The example of antiretrovirals has shown what can be achieved in improving accessibility.
But the evidence suggests that for the great majority of drugs differential pricing to reach the poor is not very effective. Companies, both brandname and generic, concentrate their efforts on the better off in those countries and often sell at prices little different from those in developed countries.
That is why we see the need to make further progress in making medicines for all diseases more accessible to poor people. I believe industry also wants this – if only they could identify suitable business models.
Many pharmaceutical companies are already sensitive to the need to find better models.
Earlier this year GSK announced new initiatives on pricing, research and investment in health systems, including a patent pool to promote research on neglected diseases, emphasising the need for a new way of thinking in the industry.
Andrew Witty, the CEO of GSK, talking about the need to improve access to medicines in developing countries said, and I quote:
“We need to adopt a new mindset… our business model is not written into any country’s constitution.”
Pfizer has set up a Global Access Strategy unit which is headed by our speaker today, Ponni Subbiah.
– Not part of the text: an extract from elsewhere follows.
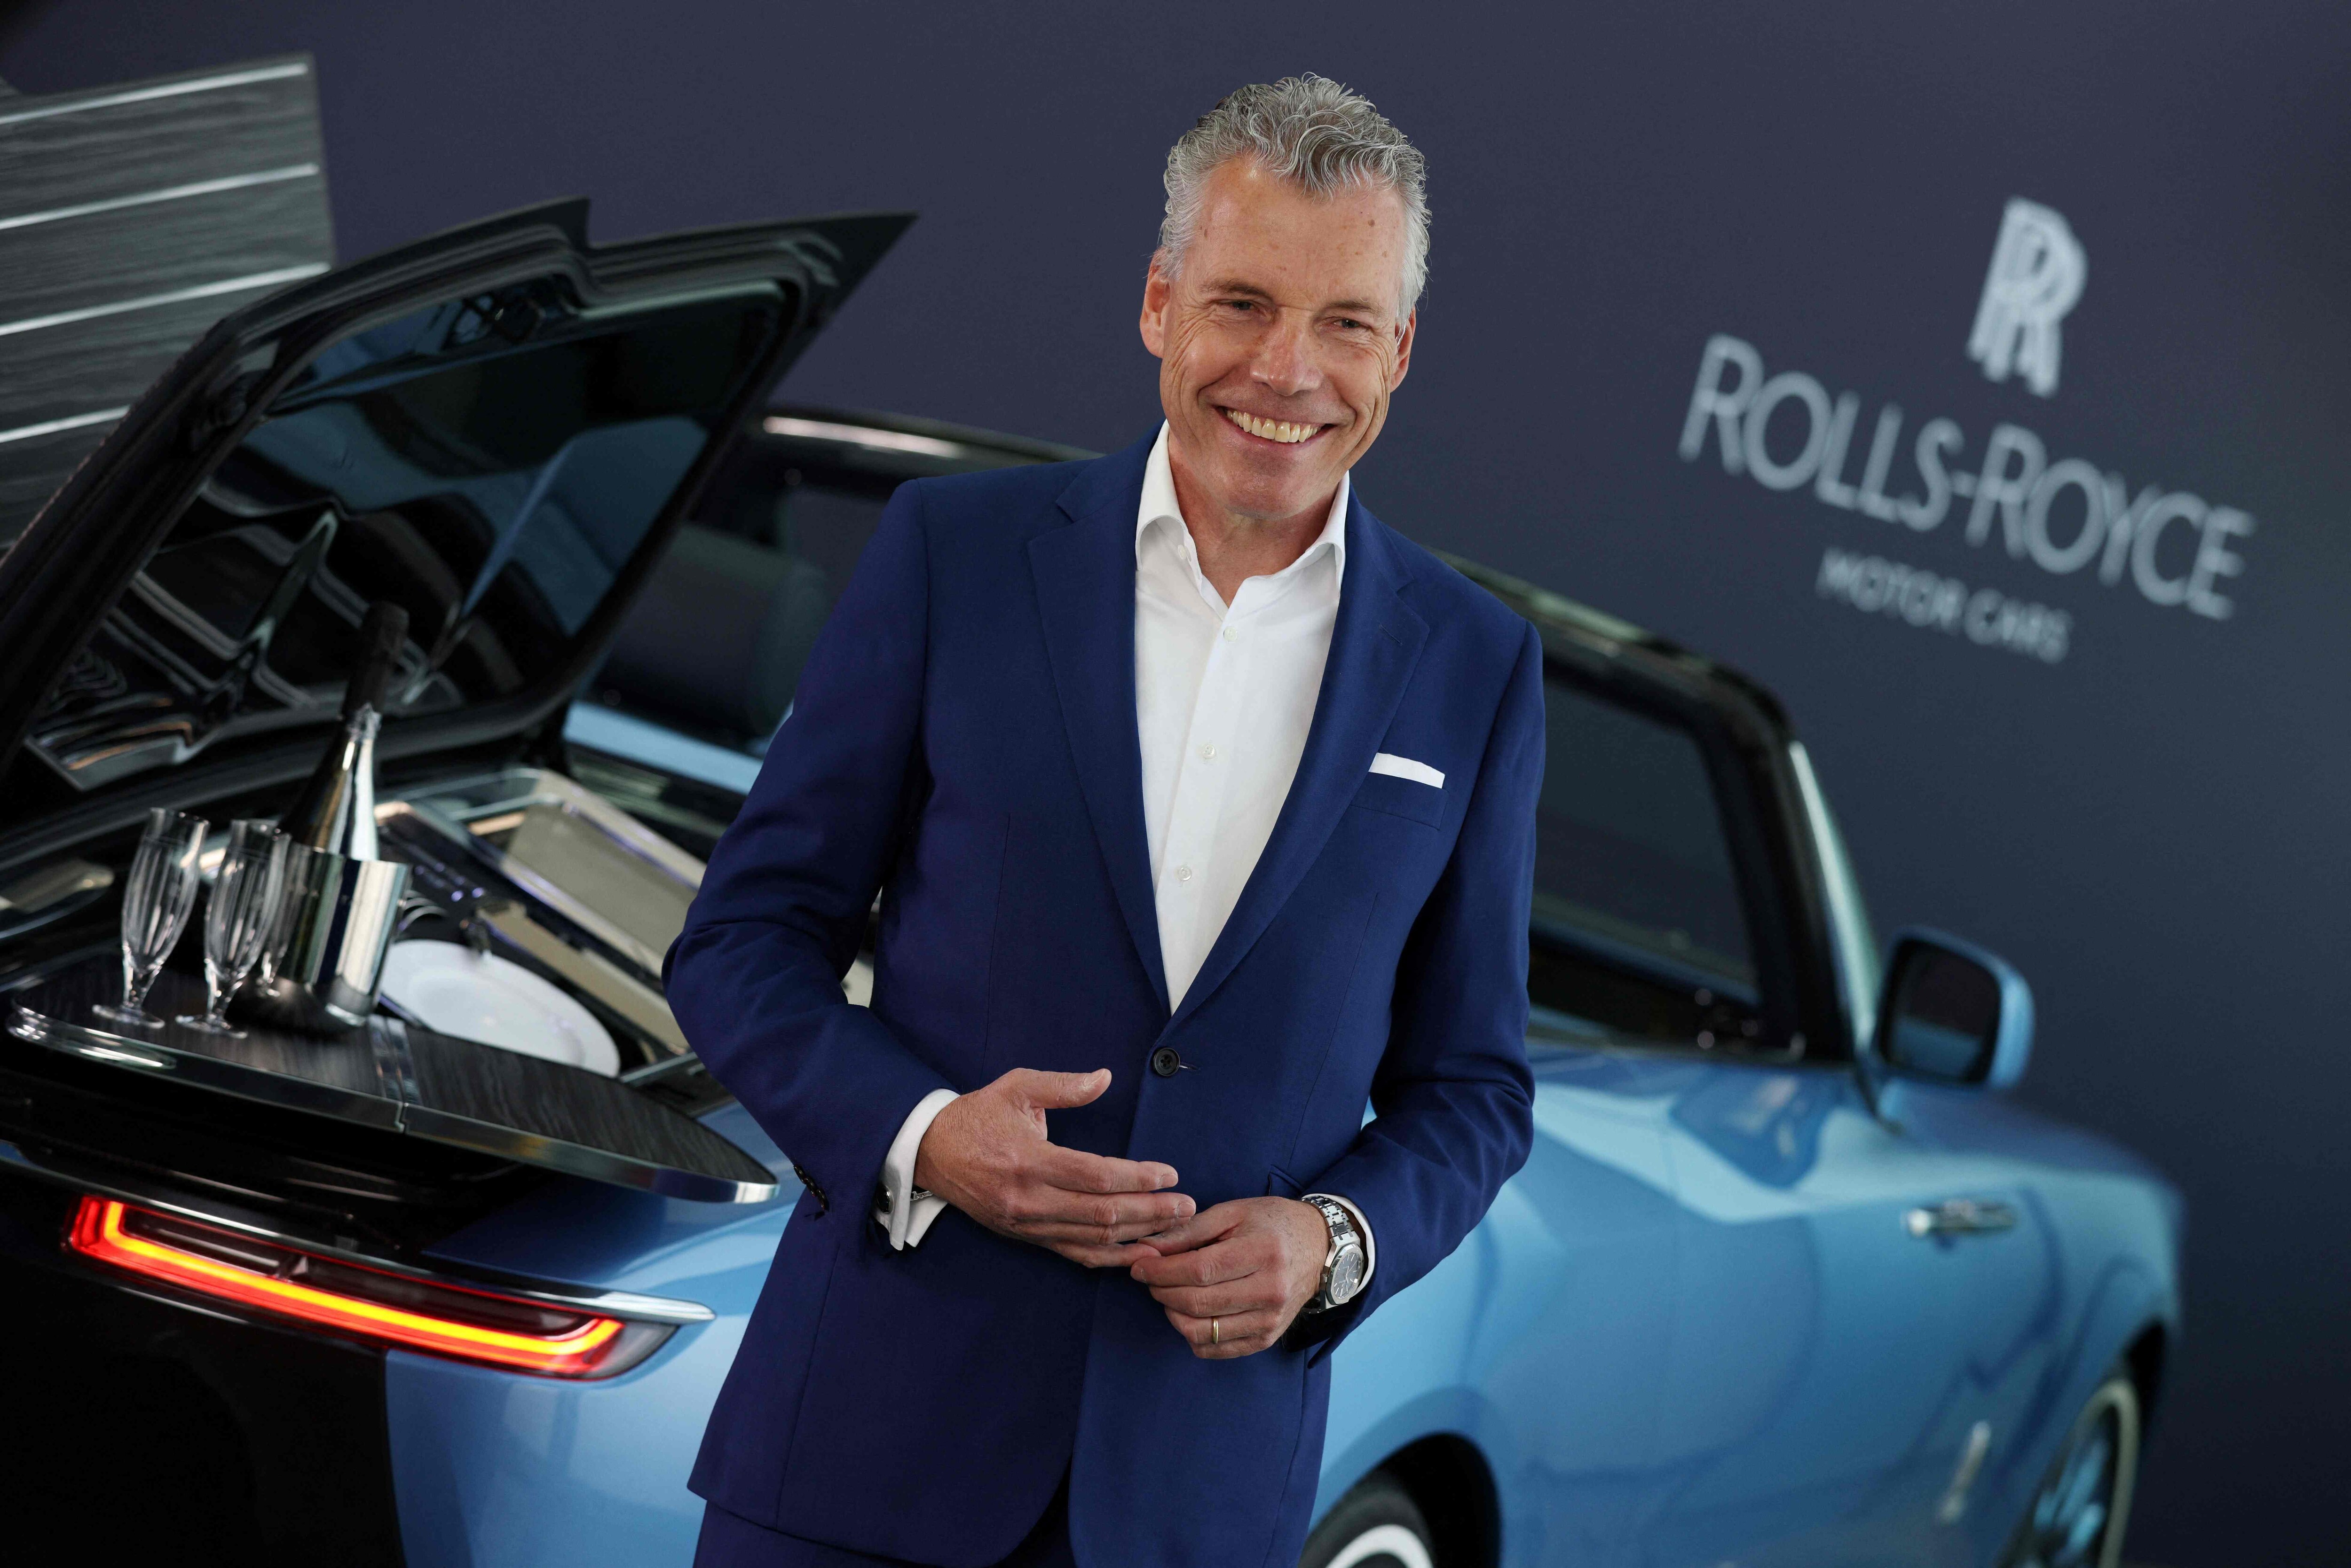 File photo: Rolls-Royce CEO Torsten Muller-Otvos speaks by a Rolls Royce Boat Tail on show at the company's Goodwood headquarters.

The unit is dedicated to exploring and developing new business models that will improve access to quality medicines in a way that is both commercially viable and socially responsible. I look forward to hearing more about Pfizer’s plans in this area.
To help drive progress on access to medicines, we have recently made a commitment, along with the Bill and Melinda Gates Foundation, to the Access to Medicines Index which ranks companies on the quality of their policies on access to medicines.
The Index will be an impartial measure of how well companies are doing at making their products available in developing countries – and it aims to encourage good practice across the board. I would like to congratulate Wim Leereveld on his sterling efforts in getting this off the ground.
Of course, industry doesn’t need the government to tell them that developing countries and emerging markets have the potential to be major sources of future growth. By 2020 sales in emerging markets are likely to exceed current sales in the USA and Europe combined.
Our challenge is to ensure that the poor as well as the rich benefit as the pharmaceutical market expands.
That is why we have selected “differential pricing” as the forum’s first topic for dialogue. Professor Yadav from MIT will today initiate the discussion – which we hope will result in new ideas and lead to concrete outcomes in improving access to medicines.
Today’s event is only the beginning of a process. But by working together – industry and government, along with stakeholders from across civil society – this forum can help us to change the way we do business and make a real difference to the lives of millions of poor people around the world.
Thank you and I look forward to hearing your views.